При этом Верн отделяет идеалистов, теоретиков анархо-социалистического движения, для которых конечная формула осуществима лишь в процессе более или менее длительного развития общества, от сравнительно небольшой группы экстремистов-практиков, призывавших к немедленным — и в том числе насильственным! — действиям. Именно осуждению террористического анархизма и посвящена значительная часть романа «В Магеллании». Читатель сам разберется, насколько актуальны сегодня взгляды убежденного «певца прогресса». Стоит лишь напомнить, что осуждение экономического строя, основанного на общественном владении средствами производства, сделано Верном a priori, когда еще нигде в мире не были известны результаты подобного эксперимента. И это липший раз доказывает силу футурологических прогнозов писателя. Очень многие из них, например сделанные в не опубликованном при жизни автора романе «Париж в XX веке», подтвердились. Выходит, П.-Ж. Этцель совершенно напрасно отказался иметь дело с Верном-футуро-логом. Популярнейший автор приключенческих и фантастических романов не зря привлекал внимание общества к наиболее тревожным тенденциям, проявившимся в некоторых цивилизованных странах в конце XIX века. Увы, он так и не был услышан.

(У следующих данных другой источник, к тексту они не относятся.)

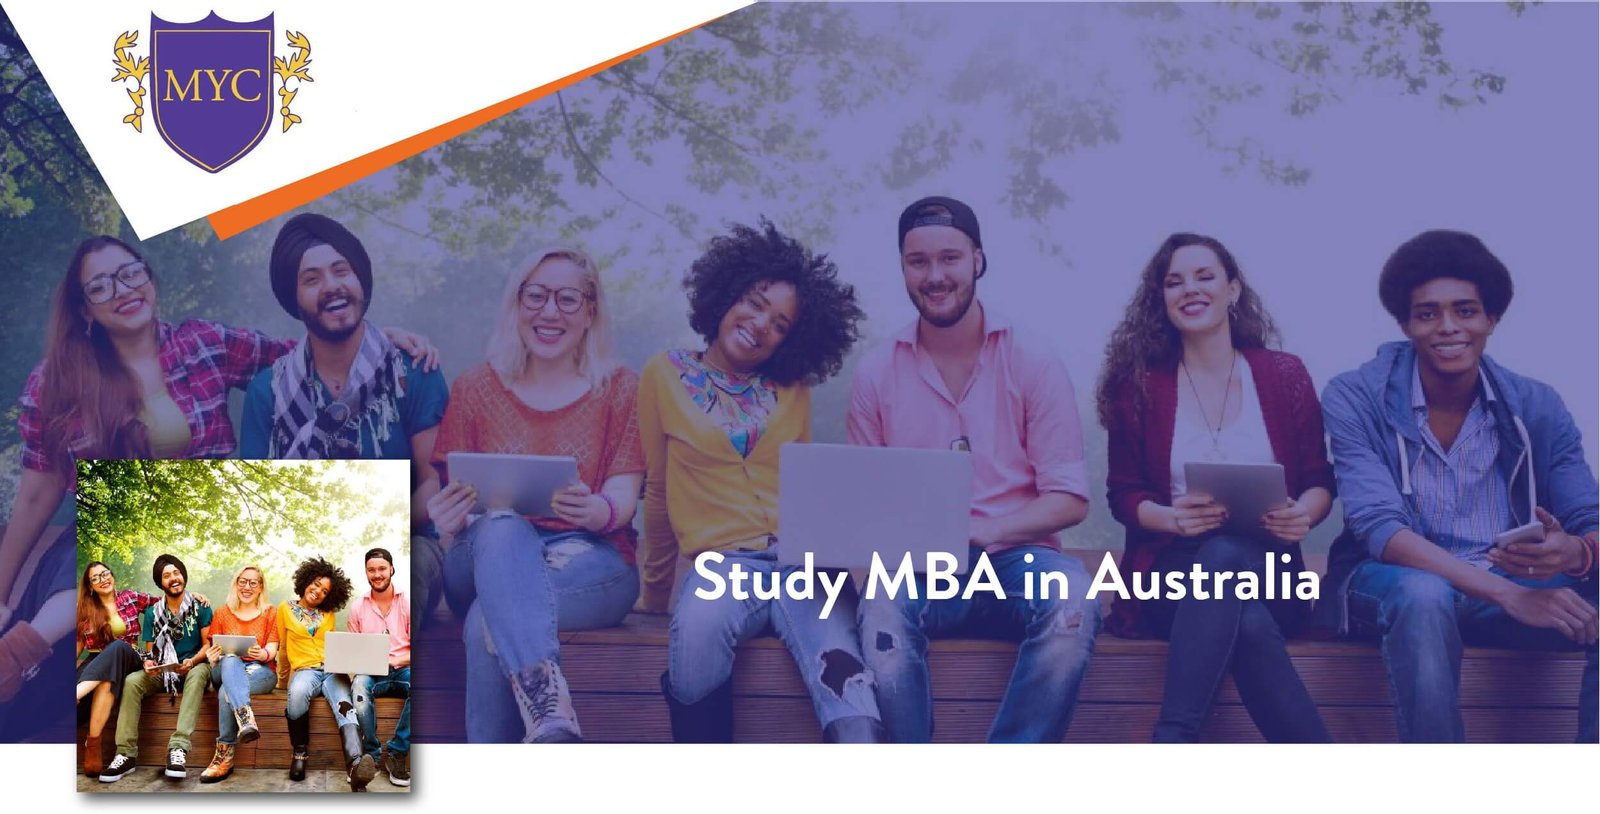 5 دلیل برای تحصیل در رشته MBA در استرالیا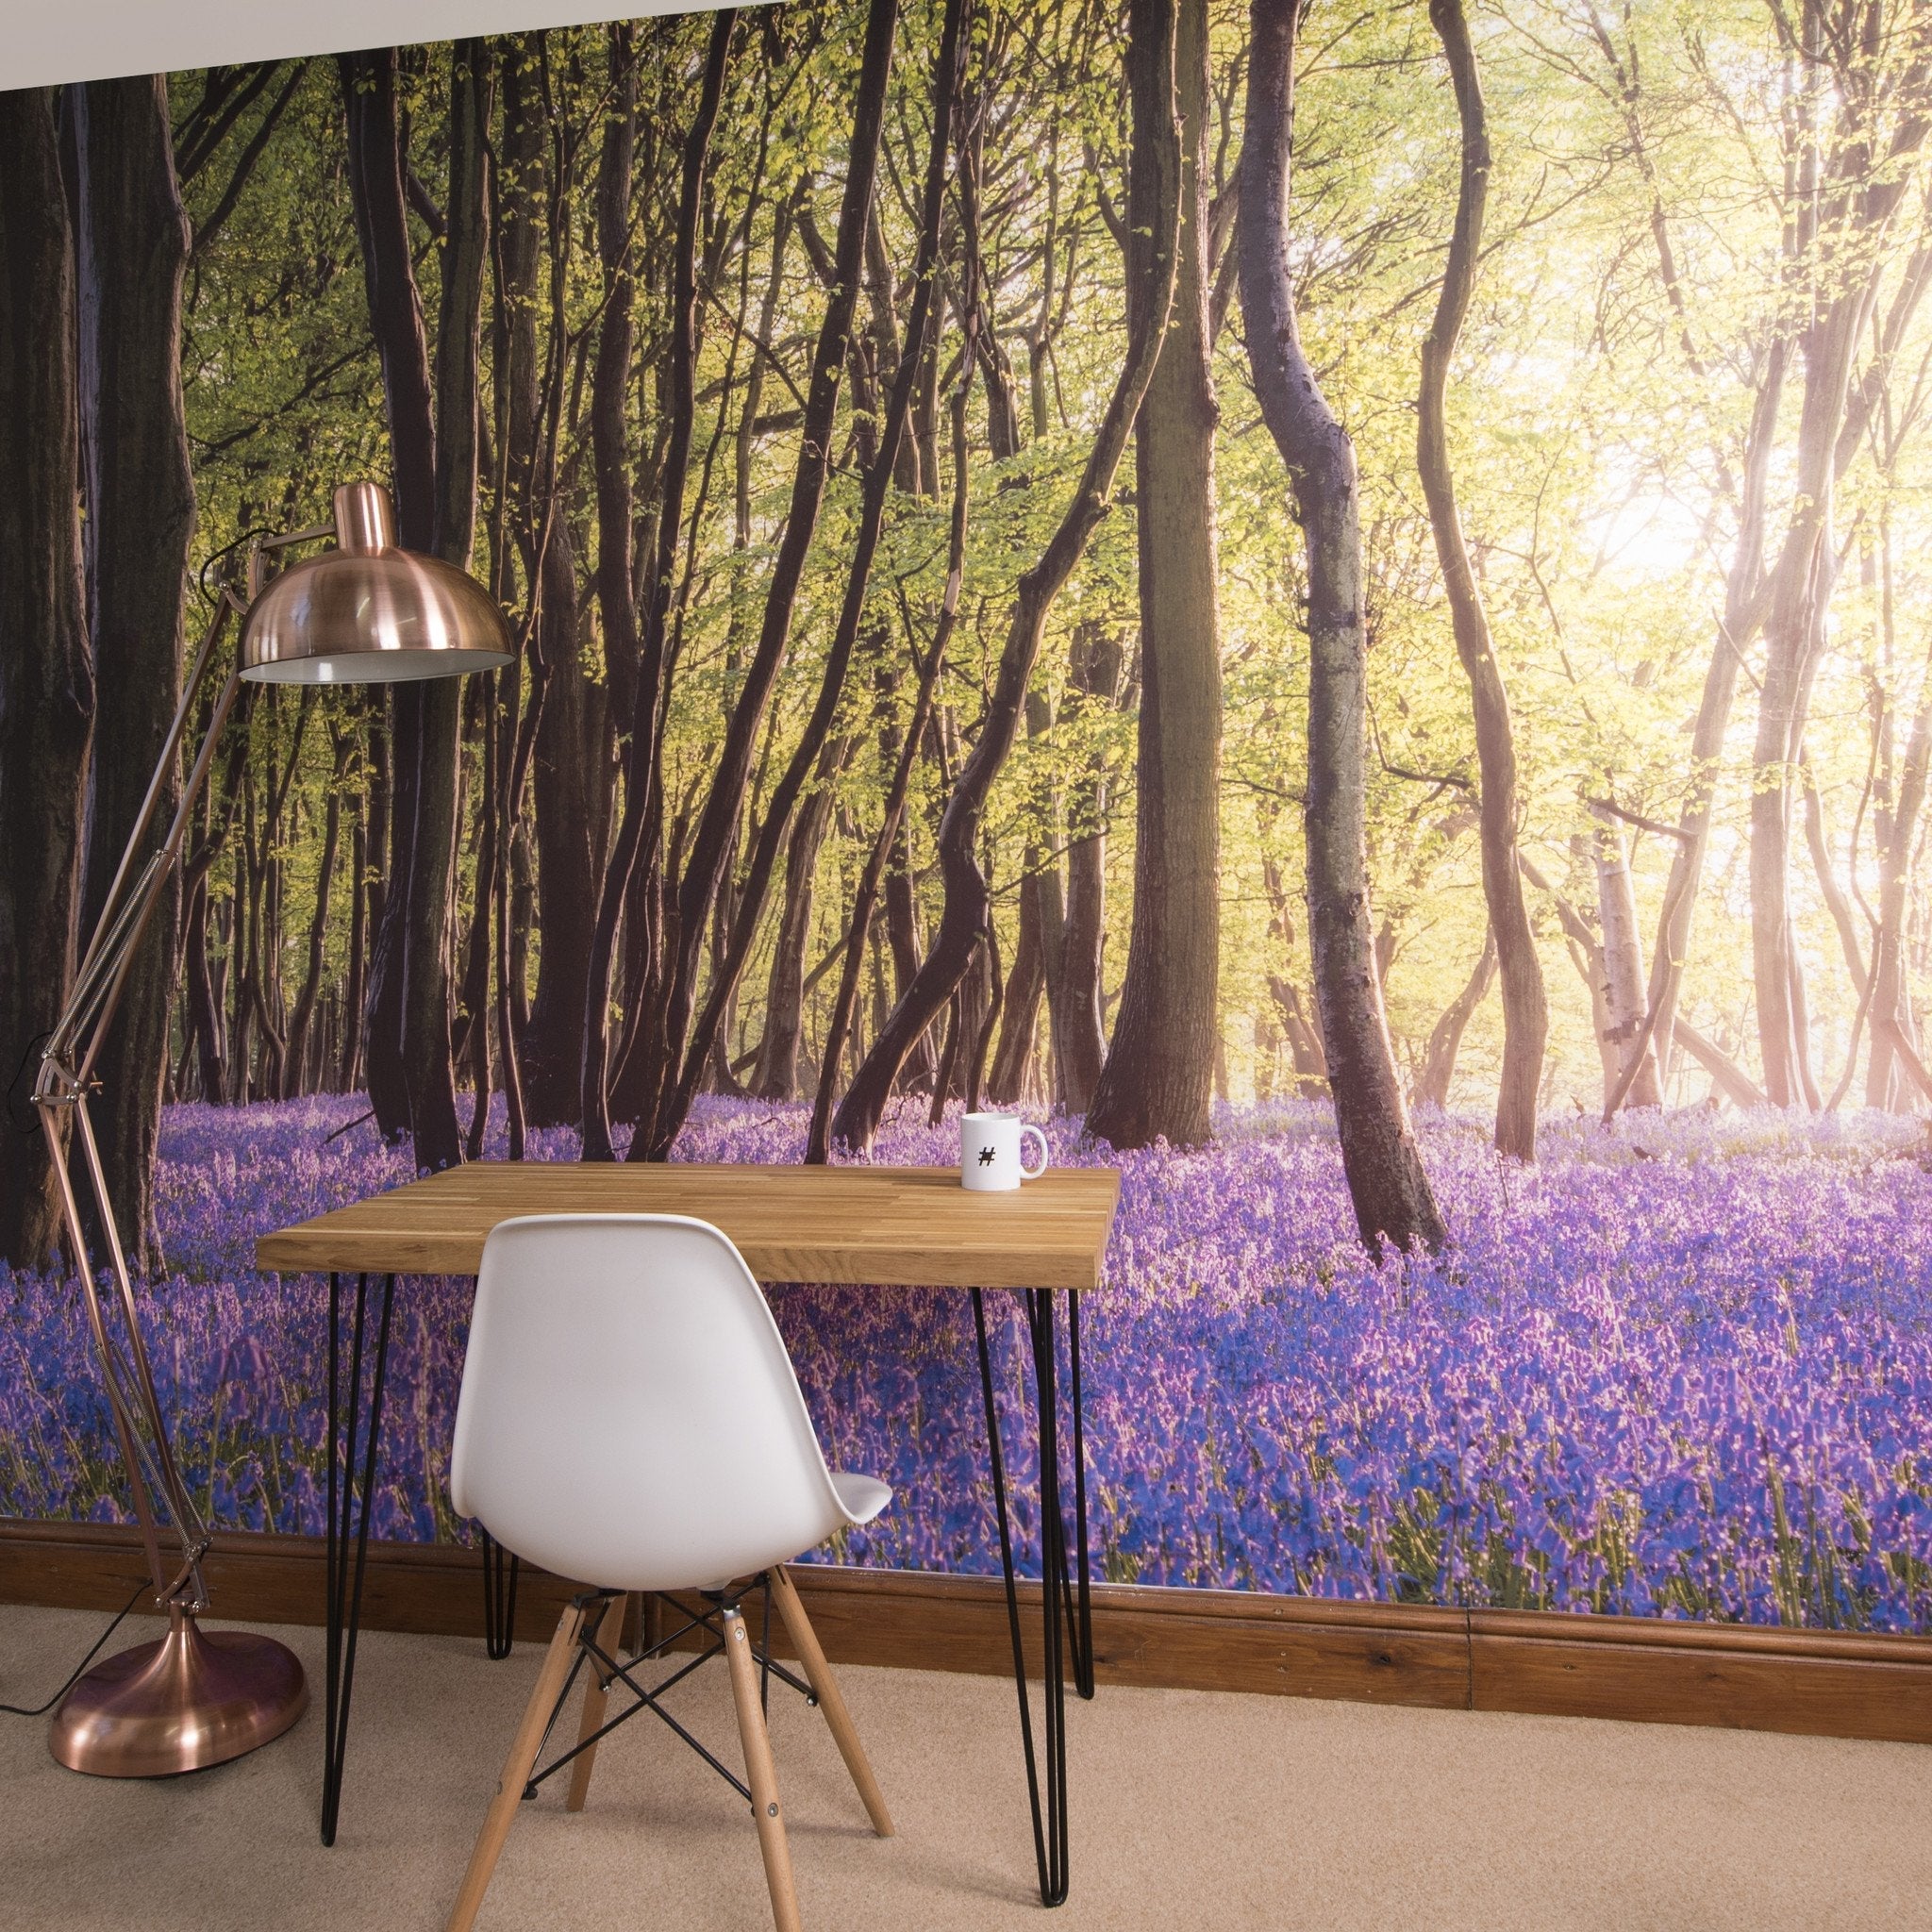 Bluebell Woods Self Adhesive Wallpaper Mural - Oakdene Designs - 2

Но Ж. Верн не строил иллюзий и относительно современного ему буржуазного общества. Дух безудержной наживы вызывал отвращение в душе писателя. Самым ярким и самым жутким проявлением этой жажды он считал погоню за золотом, хищническую разработку открываемых золоторудных месторождений, пресловутую «золотую лихорадку». Осуждение «золотого безумия» типично для многих произведений позднего Верна. В сентябре 1899 года — марте 1900 года он вплотную занялся этой темой, посвятив ей целый роман — «Золотой вулкан». В «Магеллании» писатель лишь слегка коснулся «золотой» темы. Но и этого хватило, чтобы показать, сколько зла и разрушений приносит сила, «которой не в состоянии сопротивляться человеческий разум». Символичен эпизод, когда Кау-джер сталкивает золотой самородок с вершины мыса Горн в океанскую пучину. В этом поступке воплотилось все презрение творческой личности к холодному металлу, превращающему человека в алчного зверя, лишенного всего разумного, благородного, духовного...
Роман «В Магеллании» был полностью закончен 11 апреля 1898 года[320], за семь лет до смерти и за пять лет до того дня (9 июля 1903 г.), когда писатель навсегда оставил перо. Рукопись была готова к публикации. Оставались мелкие доделки: сверка имен персонажей, вставка различных географических данных (расстояний, площадей, числа жителей) и т. п. Маститый автор почти никогда не утруждал себя подобными мелочами. Раньше он доверял право вносить подобные дополнения П.-Ж. Этцелю, а после смерти уважаемого издателя — его сыну Этцелю-младшему. Но отправлять рукопись в Париж писатель почему-то не спешил. «Магеллания» так и пролежала в его письменном столе в Амьене.